The Ignatzes were just as wonderful as ever, although with fewer winners in attendance, perhaps partly because of the switch from in person to online voting. This led to many more votes – more than 2000 – but also some unexpected winners, including comics published by Boom! (The Many Deaths of Laila Starr) and TKO (Djeliya by Juni Ba, one of the year’s best books for sure.) Other winners were SPX favorites, though, like Beatrix Urkowitz and Reimena Yee. And look, given the youth of indie comics, there is no way a book called “Pee Pee Poo Poo” was not going to win, just so everyone could say “pee pee poo poo” all night.
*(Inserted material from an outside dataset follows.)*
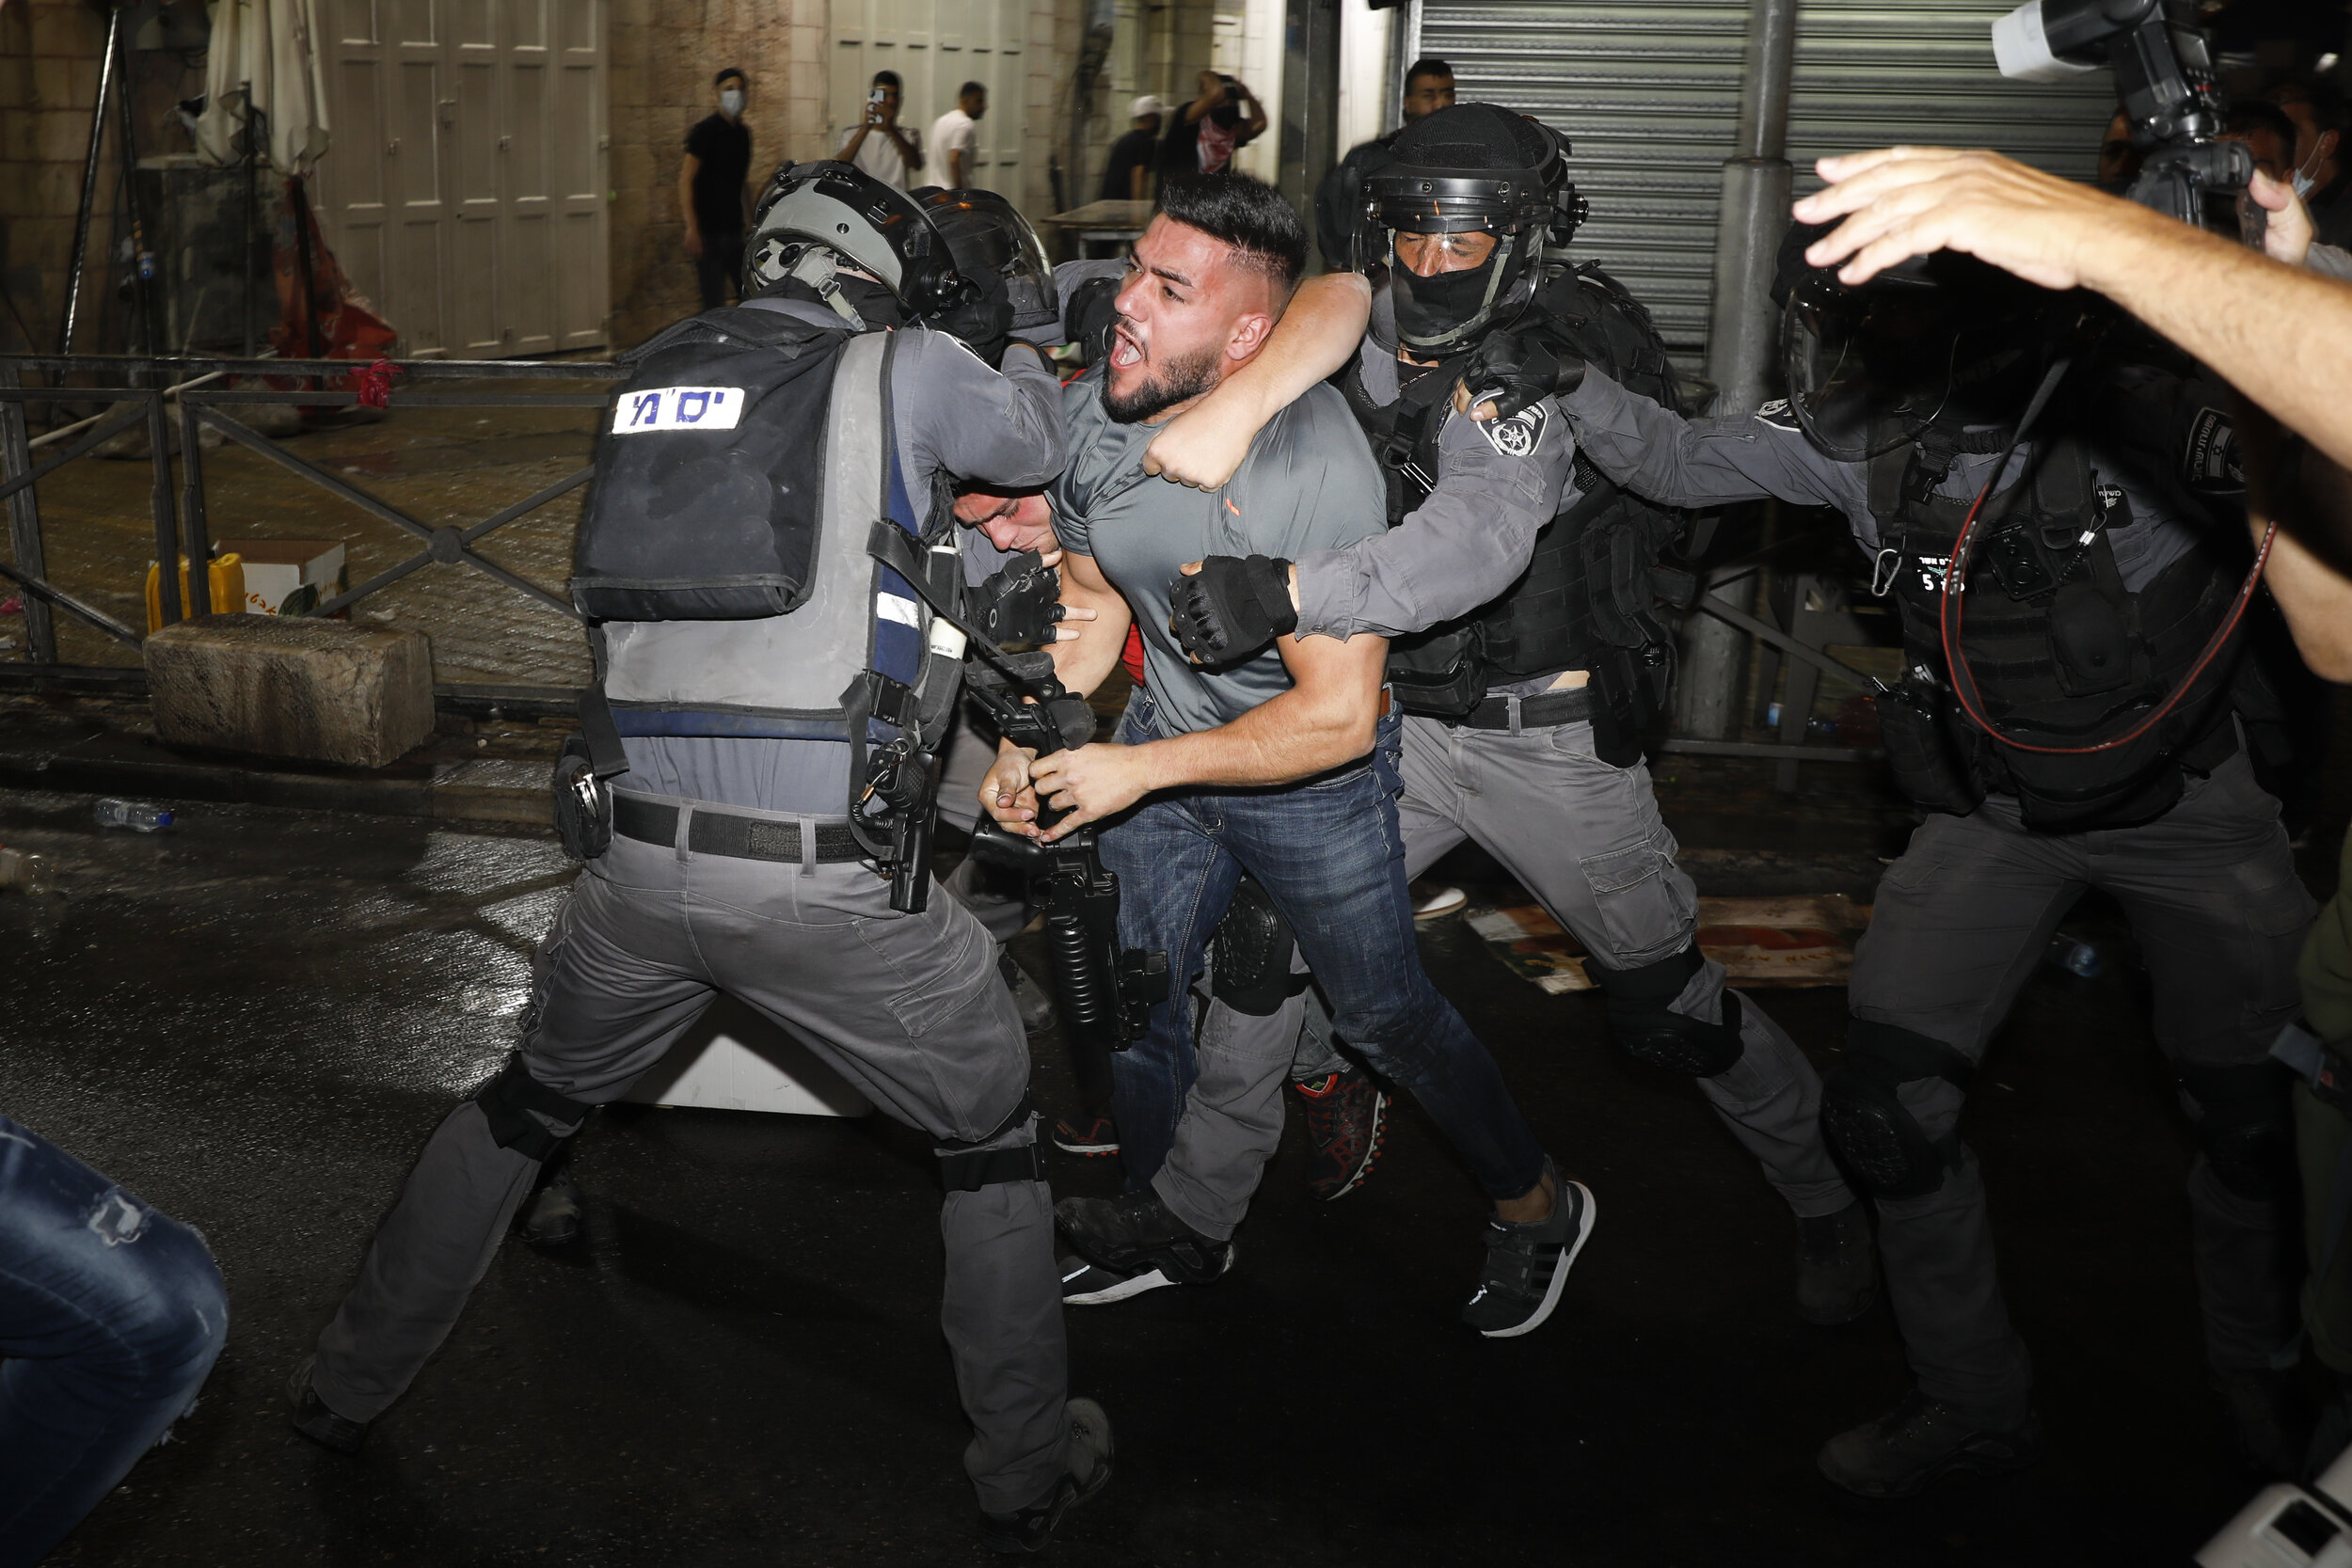  Israeli police officers clash with Palestinian protesters near Damascus Gate just outside Jerusalem's Old City, Sunday, May 9, 2021. (AP Photo/Ariel Schalit)

Other than that, the area around the conference center has built up in decent ways in the 15 years since SPX moved there. The Pike and Rose mall, only a few blocks away houses several nice restaurants – North Bethesda is a rich suburb and people demand decent food. I was especially happy with South Block, which sold excellent açai bowls and smoothies, a solid breakfast option after a night of yakking and standing.The little strip mall right around the corner from the hotel has a Vietnamese place, and just before I boarded the bus for the five hour ride home I got a very good banh mi and maybe the best mango slushie I ever had. All good!
And an area of lawn behind the parking garage has been turned into a “park” with picnic tables and a little bandstand. Coming back from dinner on Friday, a live salsa lesson and dance party was underway, and it was tempting to stay.
Other than that…the reunion was on. I had a wonderful time, connecting with roomies Brigid Alverson and Johanna Draper Carlson, and a Saturday dinner party of them, artist Janet Lee, raconteur Carla Speed McNeil and Living the Line publisher Sean Michael Robinson was the model of the con dinner. Just enough people for good conversation, a limpid late summer evening outside, and a giant sushi boat. Good, good times.
You can listen to Brigid, Johanna, Carla and I talking about the show here:
Three years is a significant amount of time. But the cartoonists at SPX 22 drew from every era from original exhibitors like Carla Speed McNeil, on to returning favorites (Megan Kelso, Tom Hart, Ariel Bordeaux) recent multimedia stars (Dash Shaw, Ron Wimberly), The New Guard (Tommi Parrish, Bianca Xunise) and even newer guards (your name here.) The message I heard from everyone was the same – joy to be with the community again, thrilled to see all the comics. SPX has always been inspiring, and everyone left all fired up to go and make more comics. We made it.
* I know the pandemic isn’t really over, but it is never going to be over. Covid is here to stay, and maintenance is learning to live with it.